В первый раз за все время этой исповеди сэр Майкл встрепенулся. Теперь он начал понимать. На него живо нахлынули множество слов, не принятых во внимание, позабытые обстоятельства, казавшиеся слишком незначительными.
— Мистер Джордж Толбойс служил корнетом в драгунском полку. Он был единственным сыном богатого помещика. Он влюбился в меня, и мы поженились через три месяца после моего семнадцатилетия. Думаю, я любила его, насколько это было в моей власти, но не больше, чем я любила вас, сэр Майкл, не так сильно, поскольку женившись на мне, вы возвысили меня до положения, какого он никогда не мог дать мне.
Мечта разбилась. Сэр Майкл Одли вспомнил тот летний вечер, почти два года назад, когда впервые признался в любви гувернантке мистера Доусона, он вспомнил болезненное чувство сожаления и разочарования, охватившее его тогда, и почувствовал, что оно каким-то образом смутно предвещало нынешний мучительный вечер.
Но я не думаю, что даже в своем страдании он был очень удивлен и испытал ту внезапную сильную перемену чувств, когда порядочная женщина сбивается с пути и становится потерянным созданием, и честь мужа требует отречься от нее. Я не думаю, что сэр Майкл Одли по-настоящему верил в свою жену. Он любил ее и восхищался ею, был очарован ее красотой; но ощущение, что чего-то не хватает, смутное чувство потери и разочарования, нахлынувшие на него в ту летнюю ночь его помолвки, с тех пор не покидало его. Я не верю, что честного человека, как бы ни был чист и бесхитростен его ум, как бы он ни был доверчив, не может обмануть фальшь. Под доверчивостью кроется бессознательная подозрительность, которую невозможно победить никаким усилием воли.
— Мы поженились, — продолжала госпожа, — и я любила его и была счастлива, пока были деньги и мы жили в Европе, роскошно путешествуя и останавливаясь в лучших отелях. Но когда мы вернулись в Уайлденси и стали жить с отцом, и деньги кончились, Джордж стал мрачным, думал только о своих заботах и явно пренебрегал мною, я стала очень несчастна; казалось, что прекрасное замужество дало мне только двенадцать месяцев развлечений и расточительства. Я умоляла Джорджа обратиться к отцу, но он отказался. Я убеждала его найти работу, но ему не удалось. Родился ребенок, и для меня возникла та же опасность, что и для моей матери. Но я избежала ее, возможно, я стала более раздражительной после своего выздоровления, менее способной бороться в этом суровом мире и более склонной к жалобам на бедность.

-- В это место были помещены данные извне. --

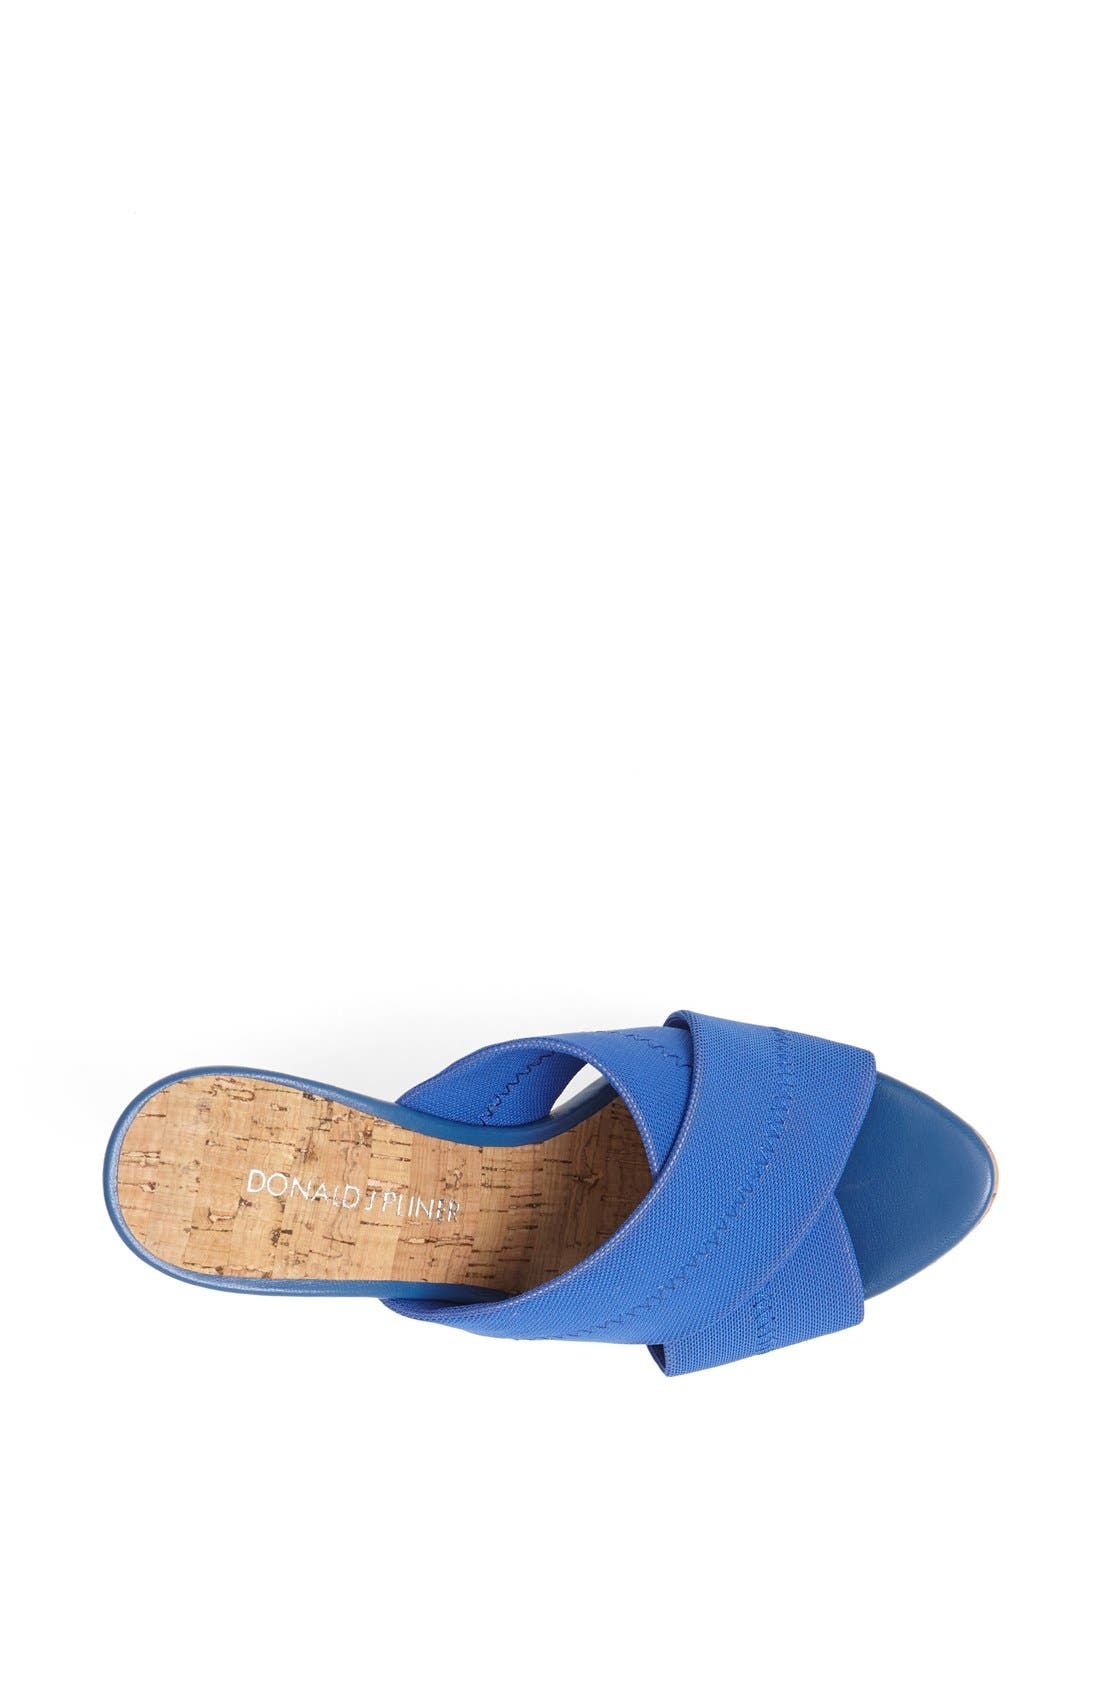 Alternate Image 3  - Donald J Pliner 'Kaz' Wedge Sandal
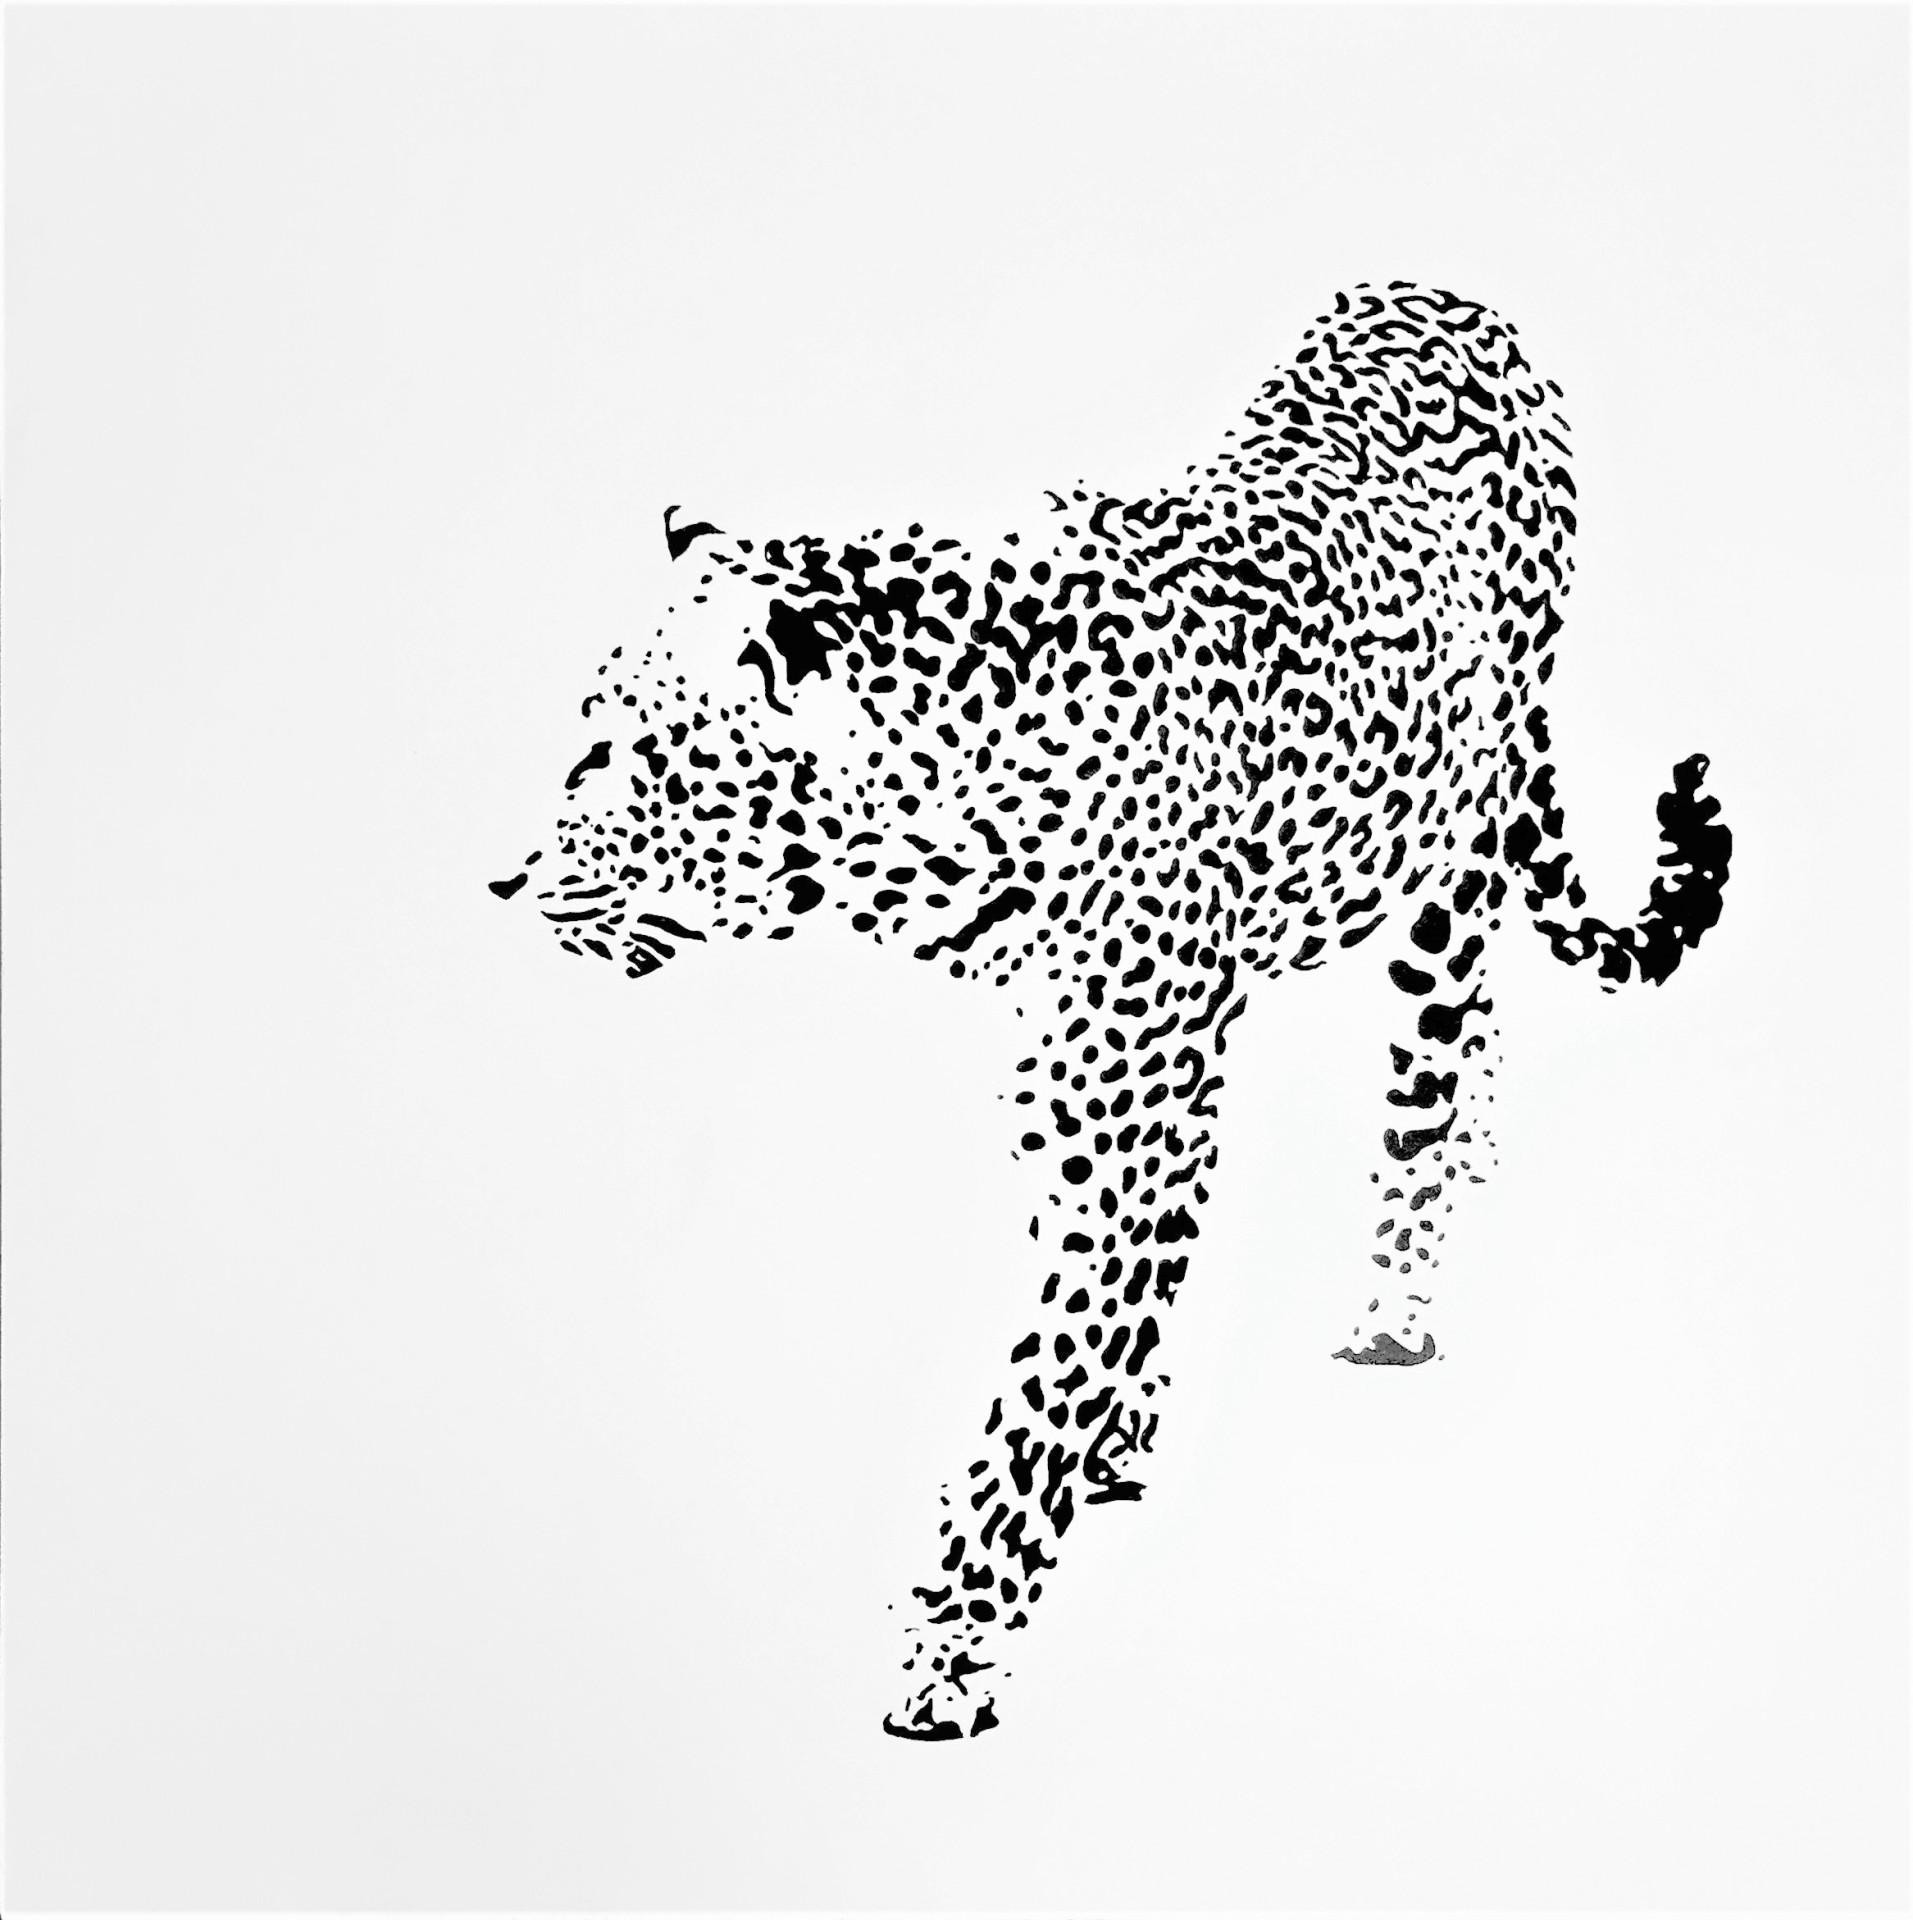 Leopard Searching

Однажды я начала жаловаться, громко и с горечью. Я укоряла Джорджа Толбойса за то, что он довел беспомощную девушку, вступившую с ним в брачный союз, до нищеты и страданий; он разозлился и выбежал из дома. Проснувшись на следующее утро, я обнаружила письмо на столике, в котором говорилось, что он уезжает на другой край света искать удачи и не вернется до тех пор, пока не станет богатым.